- [Collected data]
=== Section Start ===

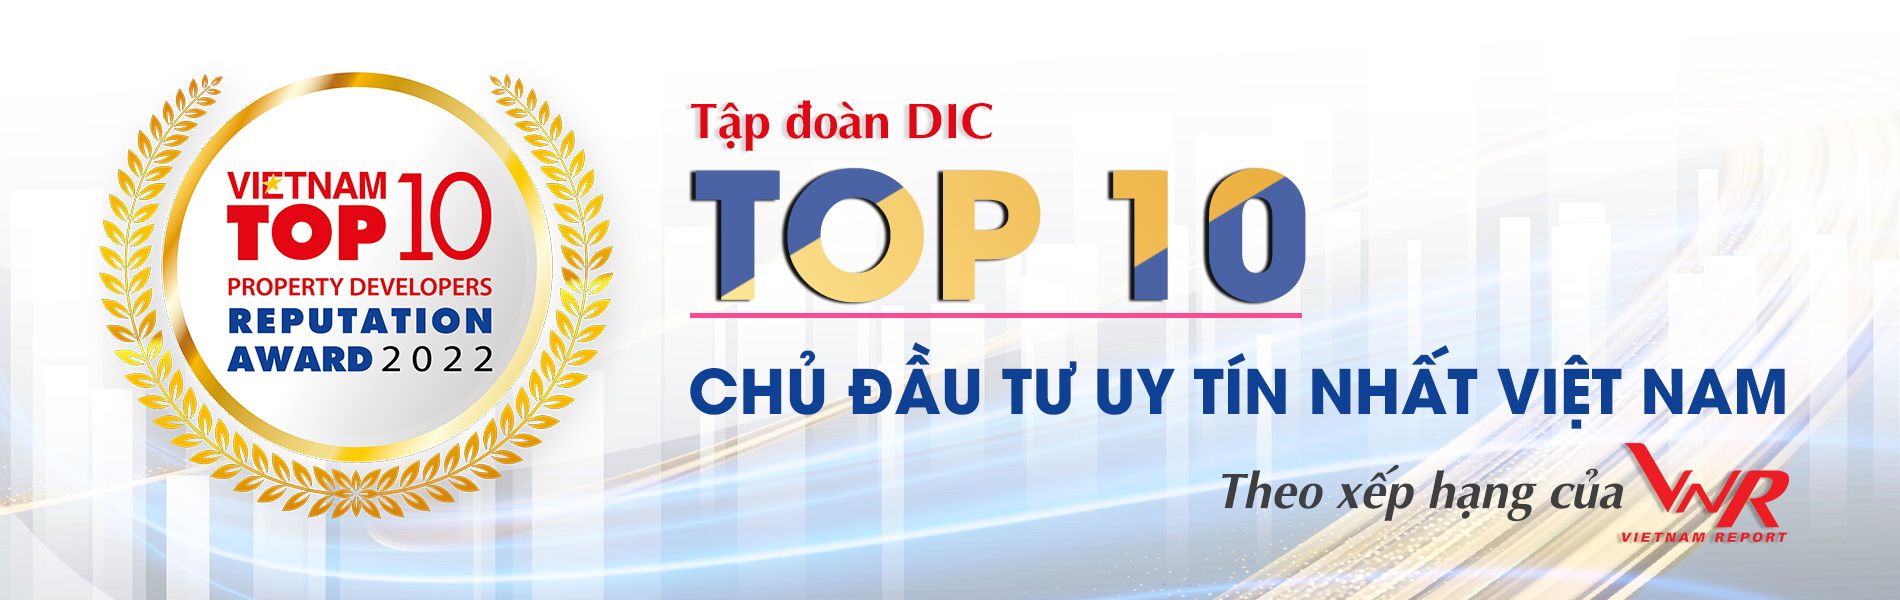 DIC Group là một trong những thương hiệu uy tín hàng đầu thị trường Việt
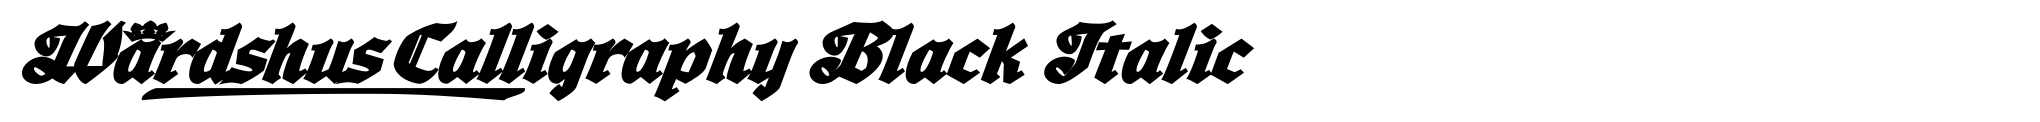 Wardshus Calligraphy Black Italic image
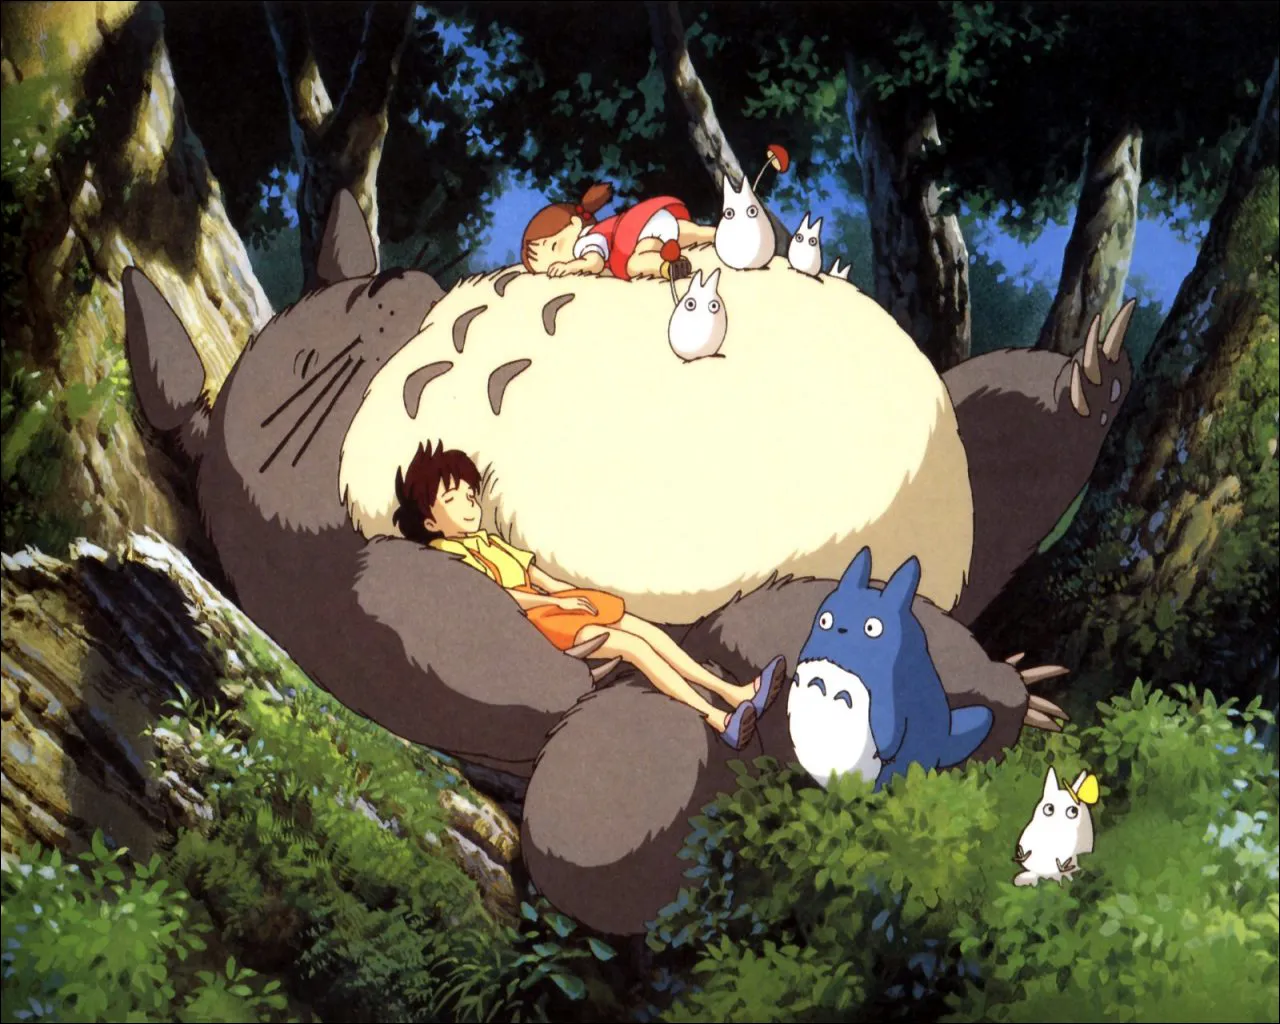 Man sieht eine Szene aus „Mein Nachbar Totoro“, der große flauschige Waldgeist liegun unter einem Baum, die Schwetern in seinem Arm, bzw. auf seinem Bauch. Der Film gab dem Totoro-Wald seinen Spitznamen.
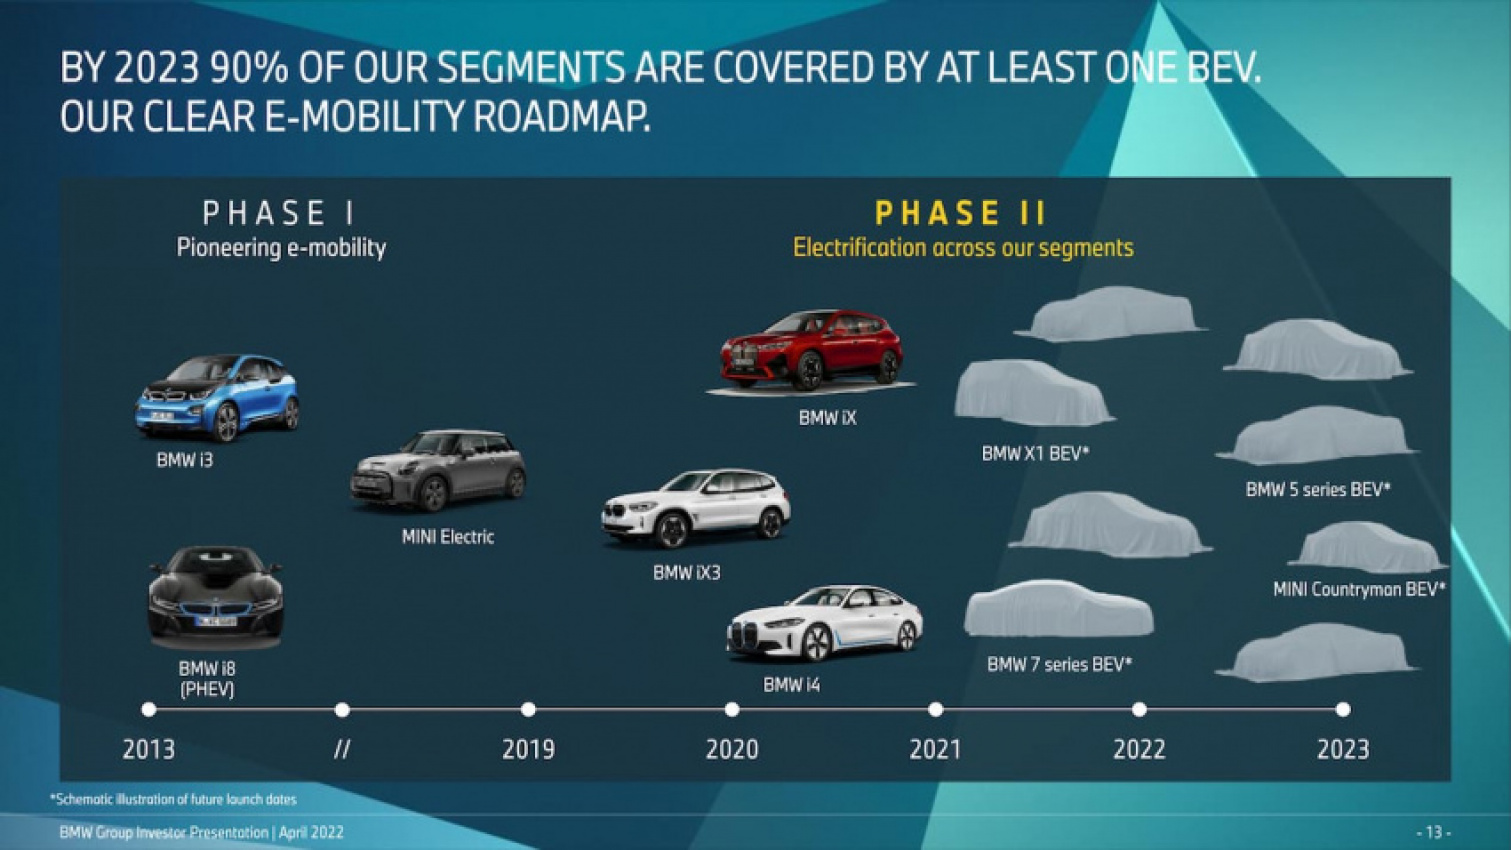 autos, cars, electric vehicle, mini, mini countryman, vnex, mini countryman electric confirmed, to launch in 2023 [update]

=== Section End ===

Return only what lies between the line containing "Man sieht eine" and the last line of the listing, those two lines included, exactly as written and with no pictures.

 Man sieht eine Szene aus „Mein Nachbar Totoro“, der große flauschige Waldgeist liegun unter einem Baum, die Schwetern in seinem Arm, bzw. auf seinem Bauch. Der Film gab dem Totoro-Wald seinen Spitznamen.
 autos, cars, electric vehicle, mini, mini countryman, vnex, mini countryman electric confirmed, to launch in 2023 [update]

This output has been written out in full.